William Burroughs --
Man is an artifact designed for space travel. He is not designed to remain in his present biologic state any more than a tadpole is designed to remain a tadpole.
Henry Miller --
No matter how vast, how total, the failure of man here on earth, the work of man will be resumed elsewhere. War leaders talk of resuming operations on this front and that, but man's front embraces the whole universe.
Eric Hoffer --
Our passionate preoccupation with the sky, the stars, and a God somewhere in outer space is a homing impulse. We are drawn back to where we came from.
Edward O. Wilson --
For every person in the world to reach present U.S. levels of consumption with existing technology would require four more planet Earths. The five billion people of the developing countries may never wish to attain this level of profligacy. But in trying to achieve at least a decent standard of living, they have joined the industrial world in erasing the last of the natural environments.
Jacob Bronowski --
By the worldly standards of public life, all scholars in their work are of course oddly virtuous. They do not make wild claims, they do not cheat, they do not try to persuade at any cost, they appeal neither to prejudice nor to authority, they are often frank about their ignorance, their disputes are fairly decorous, they do not confuse what is being argued with race, politics, sex or age, they listen patiently to the young and to the old who both know everything. These are the general virtues of scholarship, and they are peculiarly the virtues of science.
Raymond Chandler --
There are two kinds of truth; the truth that lights the way and the truth that warms the heart. The first of these is science, and the second is art. … Without art science would be as useless as a pair of high forceps in the hands of a plumber. Without science art would become a crude mess of folklore and emotional quackery.
Basil Bunting --
I hate Science. It denies a man's responsibility for his own deeds, abolishes the brotherhood that springs from God's fatherhood. It is a hectoring, dictating expertise, which makes the least lovable of the Church Fathers seem liberal by contrast. It is far easier for a Hitler or a Stalin to find a mock-scientific excuse for persecution than it was for Dominic to find a mock-Christian one.
Margaret Mead --
The negative cautions of science are never popular. If the experimentalist would not commit himself, the social philosopher, the preacher, and the pedagogue tried the harder to give a short-cut answer.
Isaac Asimov --
If a scientific heresy is ignored or denounced by the general public, there is a chance it may be right. If a scientific heresy is emotionally supported by the general public, it is almost certainly wrong. …It is not so much that I have confidence in scientists being right, but that I have so much in nonscientists being wrong....It is those who support ideas for emotional reasons only who can't change.
Pope John XXIII --
Nevertheless, in order to imbue civilization with sound principles and enliven it with the spirit of the gospel, it is not enough to be illumined with the gift of faith and enkindled with the desire of forwarding a good cause.

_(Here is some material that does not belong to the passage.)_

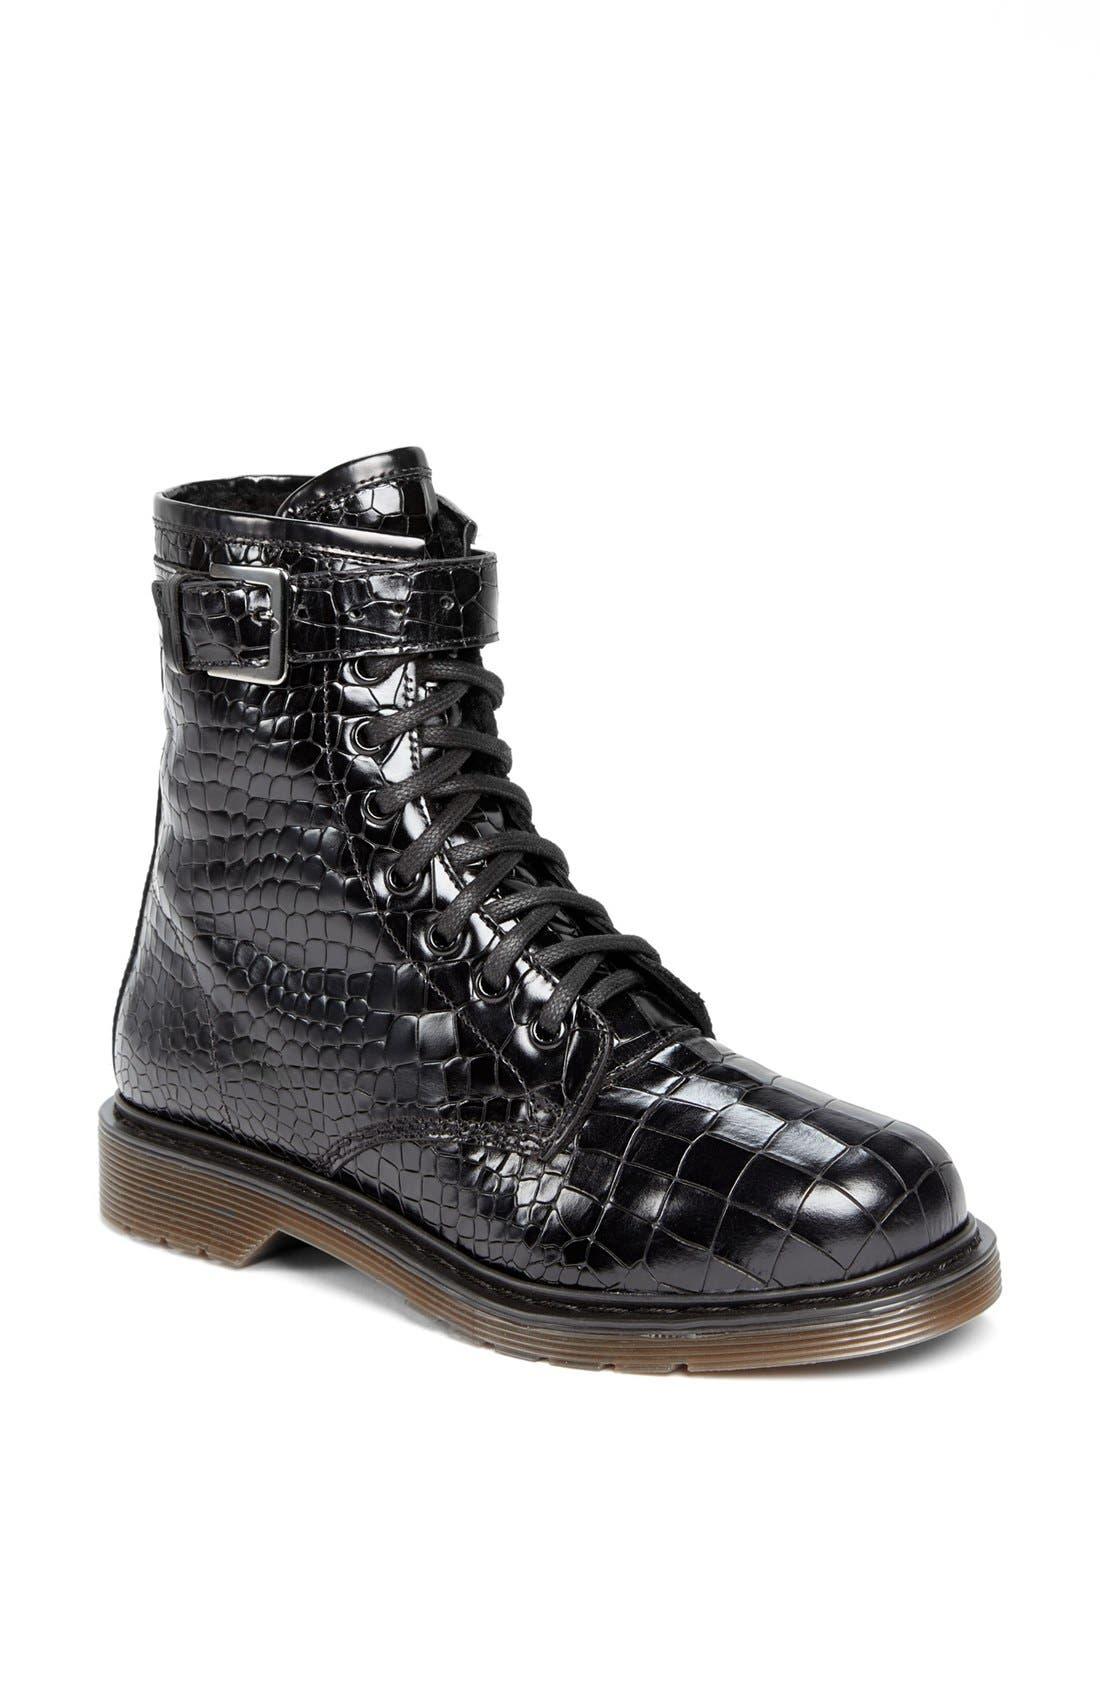 Alternate Image 1 Selected - Kurt Geiger London 'Steell' Croc Embossed Leather Boot

For this end it is necessary to take an active part in the various organizations and influence them from within. And since our present age is one of outstanding scientific and technical progress and excellence, one will not be able to enter these organizations and work effectively from within unless he is scientifically competent, technically capable and skilled in the practice of his own profession.
William James --
We know what consciousness is as long as no one asks us to define it.